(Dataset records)
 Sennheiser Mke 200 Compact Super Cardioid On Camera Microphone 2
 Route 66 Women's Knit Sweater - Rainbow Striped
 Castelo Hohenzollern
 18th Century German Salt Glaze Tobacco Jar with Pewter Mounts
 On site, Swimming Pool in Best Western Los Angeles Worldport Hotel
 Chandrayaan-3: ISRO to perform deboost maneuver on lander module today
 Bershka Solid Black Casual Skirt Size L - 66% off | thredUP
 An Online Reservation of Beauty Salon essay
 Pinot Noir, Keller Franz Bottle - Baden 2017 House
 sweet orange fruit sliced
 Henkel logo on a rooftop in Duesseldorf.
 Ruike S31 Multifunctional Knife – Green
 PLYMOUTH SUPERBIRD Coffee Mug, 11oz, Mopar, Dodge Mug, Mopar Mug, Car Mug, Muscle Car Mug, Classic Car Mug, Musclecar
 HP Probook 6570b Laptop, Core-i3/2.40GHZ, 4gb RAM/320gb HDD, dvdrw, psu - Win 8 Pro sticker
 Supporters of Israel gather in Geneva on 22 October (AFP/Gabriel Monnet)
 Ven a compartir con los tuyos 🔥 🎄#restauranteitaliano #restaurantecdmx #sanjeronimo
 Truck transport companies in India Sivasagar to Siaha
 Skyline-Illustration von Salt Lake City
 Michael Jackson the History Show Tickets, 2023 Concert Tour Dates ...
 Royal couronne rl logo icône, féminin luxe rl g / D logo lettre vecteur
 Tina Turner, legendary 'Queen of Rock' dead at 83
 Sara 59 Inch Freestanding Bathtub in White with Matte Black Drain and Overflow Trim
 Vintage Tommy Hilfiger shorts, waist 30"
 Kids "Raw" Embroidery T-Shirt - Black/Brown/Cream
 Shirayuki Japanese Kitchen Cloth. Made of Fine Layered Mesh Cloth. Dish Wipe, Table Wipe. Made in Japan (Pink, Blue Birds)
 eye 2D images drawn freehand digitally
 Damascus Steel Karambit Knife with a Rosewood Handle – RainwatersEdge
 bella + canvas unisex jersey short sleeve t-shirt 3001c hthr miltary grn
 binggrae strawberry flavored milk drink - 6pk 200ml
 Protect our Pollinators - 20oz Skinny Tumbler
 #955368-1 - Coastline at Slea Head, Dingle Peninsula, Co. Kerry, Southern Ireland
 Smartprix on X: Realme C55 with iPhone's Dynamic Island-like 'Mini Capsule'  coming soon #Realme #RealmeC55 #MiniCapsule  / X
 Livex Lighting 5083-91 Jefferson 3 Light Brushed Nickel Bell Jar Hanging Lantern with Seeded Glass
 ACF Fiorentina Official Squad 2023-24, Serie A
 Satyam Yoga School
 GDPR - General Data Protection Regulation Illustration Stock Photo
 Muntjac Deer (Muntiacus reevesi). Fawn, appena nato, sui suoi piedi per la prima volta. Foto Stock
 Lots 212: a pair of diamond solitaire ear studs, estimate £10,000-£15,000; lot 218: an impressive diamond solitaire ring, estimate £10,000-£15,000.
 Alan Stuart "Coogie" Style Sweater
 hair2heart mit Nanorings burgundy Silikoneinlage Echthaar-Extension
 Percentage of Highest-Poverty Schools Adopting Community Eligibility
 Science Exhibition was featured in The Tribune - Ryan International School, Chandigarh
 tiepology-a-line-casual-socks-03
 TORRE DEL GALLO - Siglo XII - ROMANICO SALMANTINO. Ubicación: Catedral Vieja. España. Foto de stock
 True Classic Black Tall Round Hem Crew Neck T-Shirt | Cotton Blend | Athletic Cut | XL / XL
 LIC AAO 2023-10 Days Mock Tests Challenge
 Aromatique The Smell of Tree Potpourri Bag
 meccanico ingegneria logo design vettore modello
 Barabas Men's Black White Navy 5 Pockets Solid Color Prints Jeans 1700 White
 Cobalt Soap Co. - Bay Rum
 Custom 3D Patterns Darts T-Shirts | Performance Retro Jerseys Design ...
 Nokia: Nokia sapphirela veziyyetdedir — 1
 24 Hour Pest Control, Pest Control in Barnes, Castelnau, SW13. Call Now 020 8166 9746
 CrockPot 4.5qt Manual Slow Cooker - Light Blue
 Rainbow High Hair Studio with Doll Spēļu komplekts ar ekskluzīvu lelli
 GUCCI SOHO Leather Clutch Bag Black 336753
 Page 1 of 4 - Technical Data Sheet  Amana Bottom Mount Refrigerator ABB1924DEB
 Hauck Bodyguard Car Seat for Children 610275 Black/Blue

What is being asked: Only the lines from the one containing "Percentage of Highest-Poverty" through the end of the entries above should be written out, exactly and in full.

Task answer:
 Percentage of Highest-Poverty Schools Adopting Community Eligibility
 Science Exhibition was featured in The Tribune - Ryan International School, Chandigarh
 tiepology-a-line-casual-socks-03
 TORRE DEL GALLO - Siglo XII - ROMANICO SALMANTINO. Ubicación: Catedral Vieja. España. Foto de stock
 True Classic Black Tall Round Hem Crew Neck T-Shirt | Cotton Blend | Athletic Cut | XL / XL
 LIC AAO 2023-10 Days Mock Tests Challenge
 Aromatique The Smell of Tree Potpourri Bag
 meccanico ingegneria logo design vettore modello
 Barabas Men's Black White Navy 5 Pockets Solid Color Prints Jeans 1700 White
 Cobalt Soap Co. - Bay Rum
 Custom 3D Patterns Darts T-Shirts | Performance Retro Jerseys Design ...
 Nokia: Nokia sapphirela veziyyetdedir — 1
 24 Hour Pest Control, Pest Control in Barnes, Castelnau, SW13. Call Now 020 8166 9746
 CrockPot 4.5qt Manual Slow Cooker - Light Blue
 Rainbow High Hair Studio with Doll Spēļu komplekts ar ekskluzīvu lelli
 GUCCI SOHO Leather Clutch Bag Black 336753
 Page 1 of 4 - Technical Data Sheet  Amana Bottom Mount Refrigerator ABB1924DEB
 Hauck Bodyguard Car Seat for Children 610275 Black/Blue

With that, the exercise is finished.